In her September 27, 2012 response to the OIG report, Marilyn Tavenner, Acting CMS Administrator concurred with each of the six OIG recommendations. In this letter, CMS indicated it will issue a Technical Direction Letter (“TDL”) to Medicare Administrative Contractors (“MAC”) and request that MACs choosing to increase and expand reviews of SNFs more closely scrutinize the MDS items most commonly misreported and focus reviews on SNFs with reoccurring issues. CMS is also developing an SNF Model to identify aberrant billing practices.

It is important for SNFs to be cognizant of CMS’s new and preexisting areas of focus. An effective method for SNFs to identify and mitigate their exposure risk is to have a detailed and effective compliance program in place. Compliance programs for SNFs were recommended, but optional in the past. However, with the passage of the Affordable Care Act (ACA), SNFs are now required to have a compliance and ethics program that is “effective in preventing and detecting criminal, civil, and administrative violations…and in promoting quality of care” as a condition of participation in the Medicare and Medicaid programs. The ACA requires CMS, working jointly with the OIG, to publish regulations defining core elements of an effective compliance plan. Pursuant to the ACA, as of March 23, 2012, nursing homes must begin certifying they have an effective compliance plan in place. The challenge is that to date, CMS has not released regulations regarding the core elements, despite the ACA’s deadline. It is uncertain whether CMS’s delay in promulgating the compliance regulations will bring about a delay in SNFs’ implementation deadline, however, SNFs should not postpone establishing their compliance programs.
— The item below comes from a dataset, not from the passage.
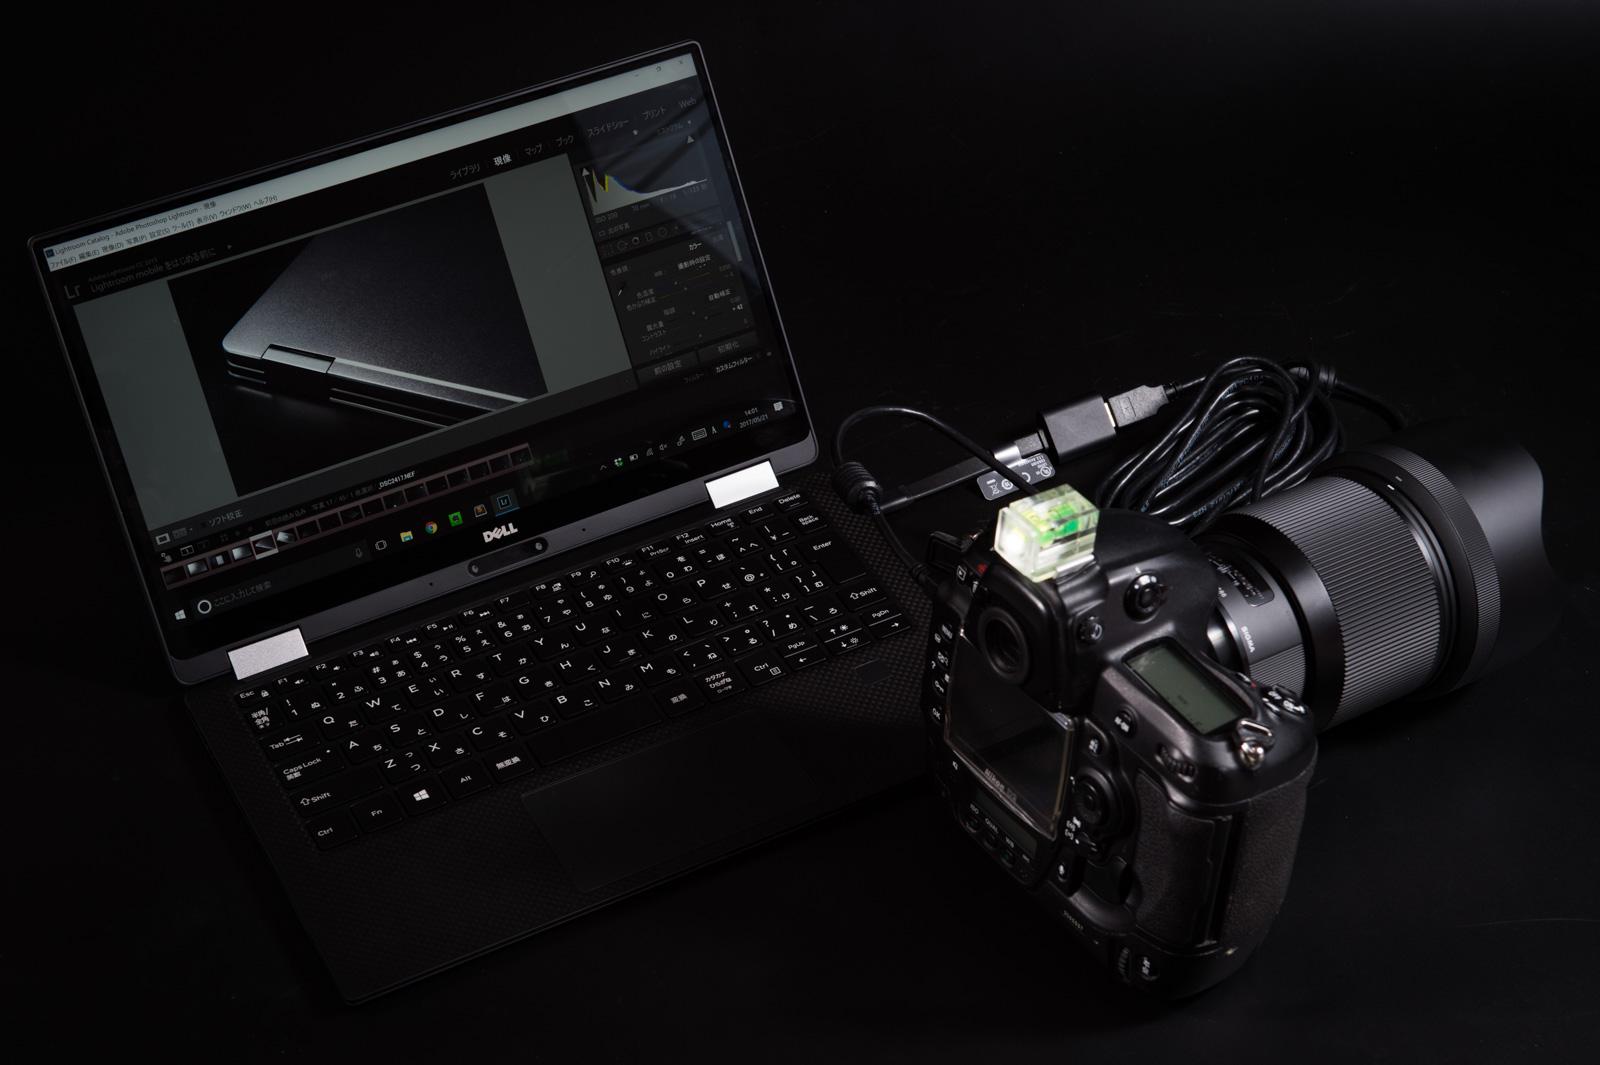 テザー撮影で使用するxps13-2-in-1

Fortunately for SNFs, the ACA lists eight required components to be included in a SNF’s compliance and ethics program, which include:

  1. Adoption of compliance standards and procedures to be followed by its employees that are reasonably capable of reducing the prospect of criminal, civil and administrative violations;
  2. Responsibility for overseeing compliance must be assigned to high-ranking individuals within the organization who have sufficient resources and authority to assure such compliance;
  3. The organization must have exercised due care to ensure that substantial discretionary authority is not delegated to an individual who the organization knew or should have known has the propensity to engage in criminal, civil and administrative violations;
  4. Steps must be taken to effectively communicate its standards and procedures to all employees within the organization;
  5. Reasonable steps must be taken by the organization to achieve compliance with its standards, such as by implementing monitoring and auditing systems reasonably designed to detect violations and by having a reporting system;
  6. Implementation of appropriate disciplinary actions that ensures consistent enforcement of the standards and procedures;
  7. Take reasonable steps to appropriately respond to a detected offense and prevent similar offenses in the future; and
  8. Periodically reassess the compliance program and undertake any necessary modifications to reflect changes within the organization.

Given the commitment by the OIG and CMS to scrutinize SNFs, providers should use the information in these reports, along with the recommendations, to either create the ACA required compliance plans or review and revise compliance plans already in place. Pending the release of the regulations related to the core elements, providers will also want to review the OIG Compliance Program Guidance for Nursing Facilities released in 2000 and the 2008 Supplemental Guidance for Nursing Homes.